= Pakistani cricket team in Ceylon in 1948–49 =

International cricket tour

The Pakistan national cricket team toured Ceylon from mid-March to mid-April 1949 and played four matches including two internationals against the Ceylon national team. As neither country had yet achieved Test status, the internationals are classified as first-class matches. Both games were played at Colombo Oval (now Paikiasothy Saravanamuttu Stadium) in Colombo and Pakistan won them both: the first by an innings and 192 runs; the second by 10 wickets. These two matches were the first four-day internationals played in Ceylon. Pakistan were captained by Mohammed Saeed and Ceylon by Derrick de Saram.

==The team==

- Mohammed Saeed (captain)
- Abdur Rehman
- Alimuddin
- Anwar Hussain
- Aslam Khokhar
- Usuf Chippa
- Fazal Mahmood
- Imtiaz Ahmed
- Behram Irani
- Khan Mohammad
- Maqsood Ahmed
- Mohammad Amin
- Murawwat Hussain
- Nazar Mohammad
- Shujauddin Butt

==Matches==
The first two matches were not first-class.

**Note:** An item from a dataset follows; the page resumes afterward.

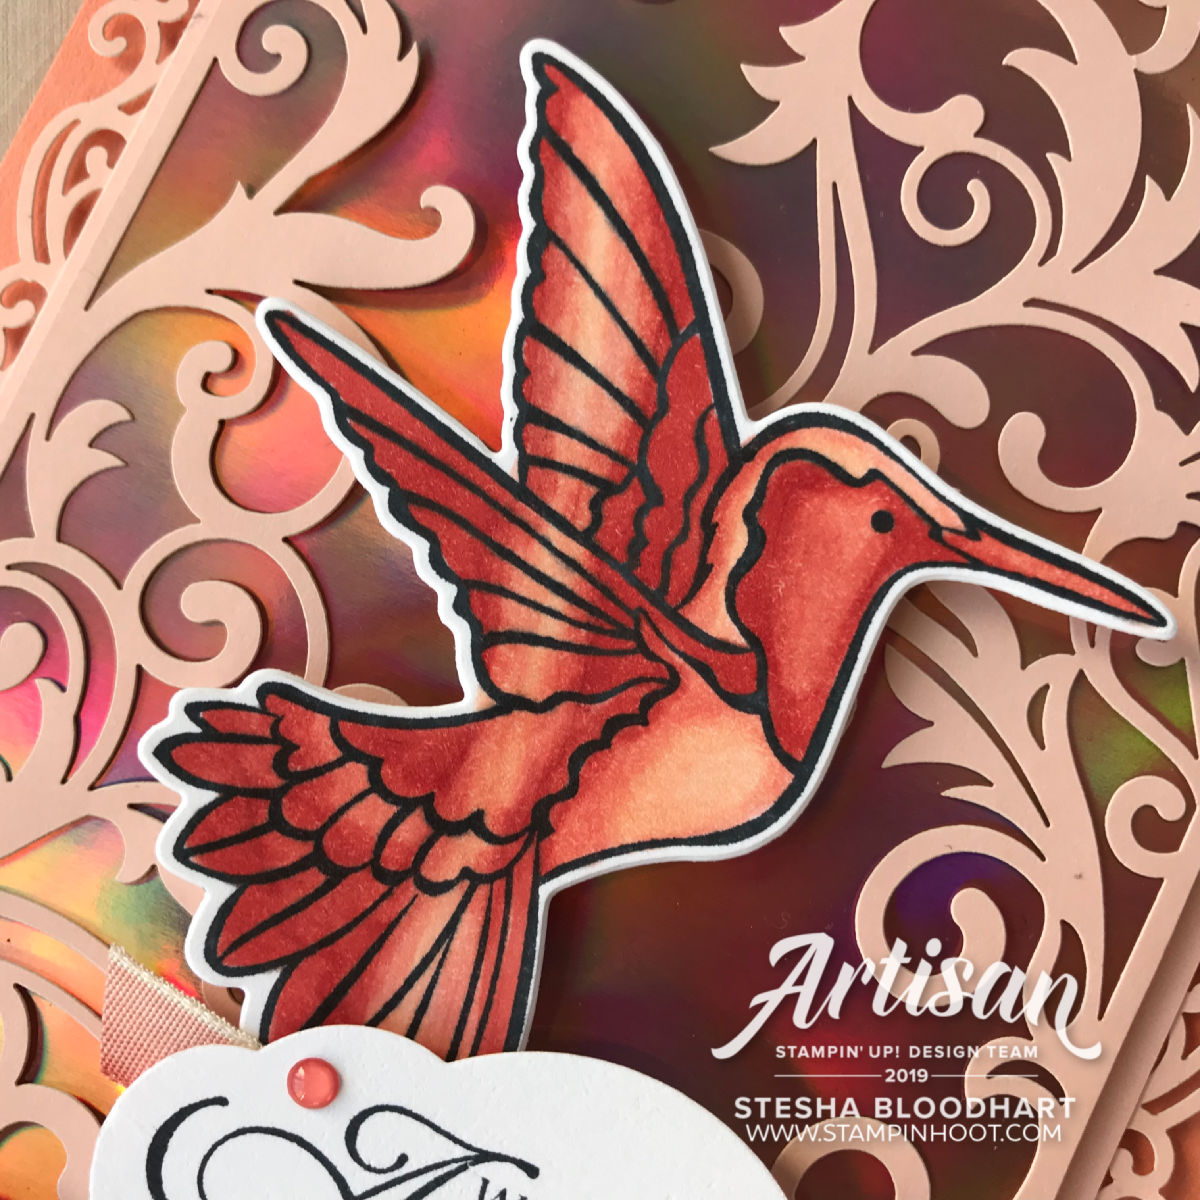 Humming Along Bundle and Grapefruit Grove Foil Sheets by Stampin' Up! Card created by Stesha Bloodhart, Stampin' Hoot! #stampreviewcrew #steshabloodhart #stampinhoot
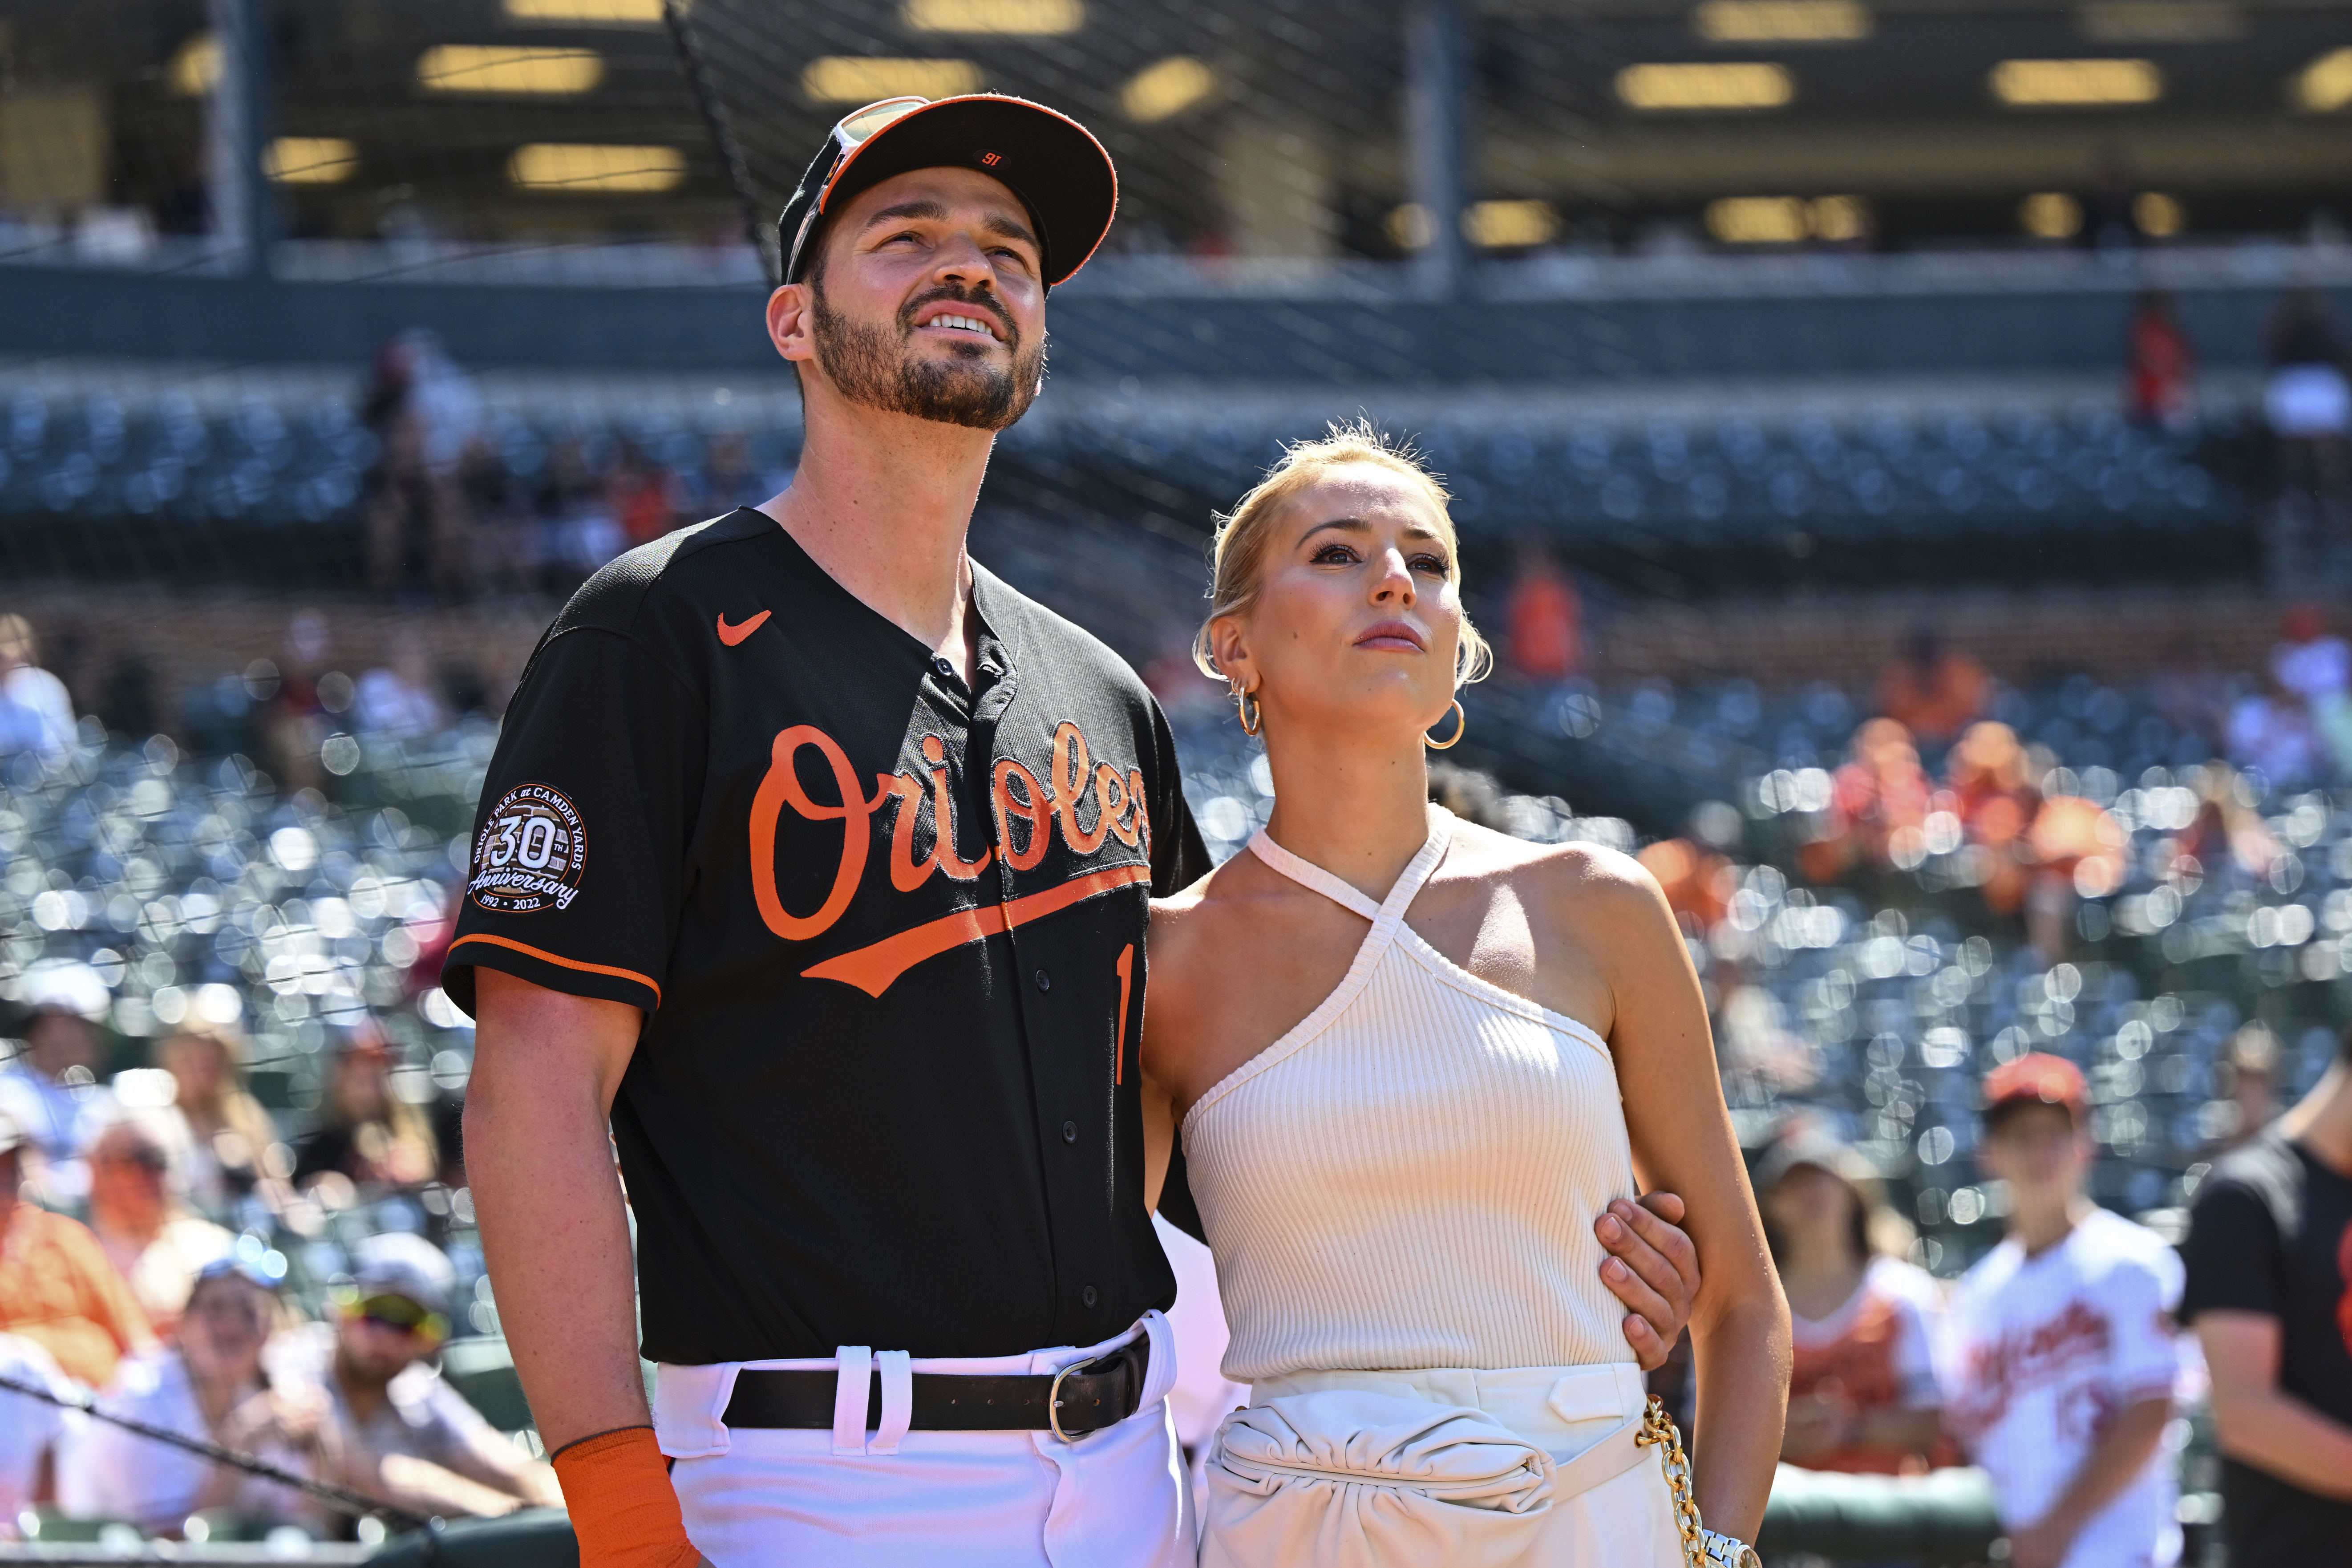 Trey Mancini, fiancee Sara Perlman say goodbye to Baltimore: 'It really was  a dream come true for me to play for the Orioles

- Ceylon XI v Pakistanis, unknown ground, Colombo, 23, 24 March 1949. Ceylon XI 149 and 181 for 9 declared; Pakistanis 231 and 84 for 1. Match drawn.
- Sinhalese Sports Club v Pakistanis, Viharamahadevi Park, Colombo, 26, 27, 28 March 1949. Sinhalese Sports Club 344 and 97 for 2 declared; Pakistanis 218 and 192 for 5. Match drawn.
- Ceylon v Pakistan, Colombo Oval, Colombo, 1, 2, 3 April 1949. Ceylon 112 and 95; Pakistan 399. Pakistan won by an innings and 192 runs.
The highest scorer on either side was the Pakistani captain, Mohammed Saeed, who made 93 in the first innings. The best bowling figures were taken by Ceylon's Bertie Wijesinha, who took 5 for 105.
- Ceylon v Pakistan, Colombo Oval, Colombo, 8, 9, 10, 11 April 1949. Ceylon 311 and 210; Pakistan 474 for 9 declared and 48 for 0. Pakistan won by 10 wickets.
Ceylon's captain Derrick de Saram (118) and C. I. Gunasekera (120) added 181 for the fifth wicket in Ceylon's first innings. In reply, Nazar Mohammad (170) and Murawwat Hussain (164) added 269 for the second wicket. Khan Mohammad (5 for 72 in Ceylon's first innings) took Pakistan's first international five-wicket haul.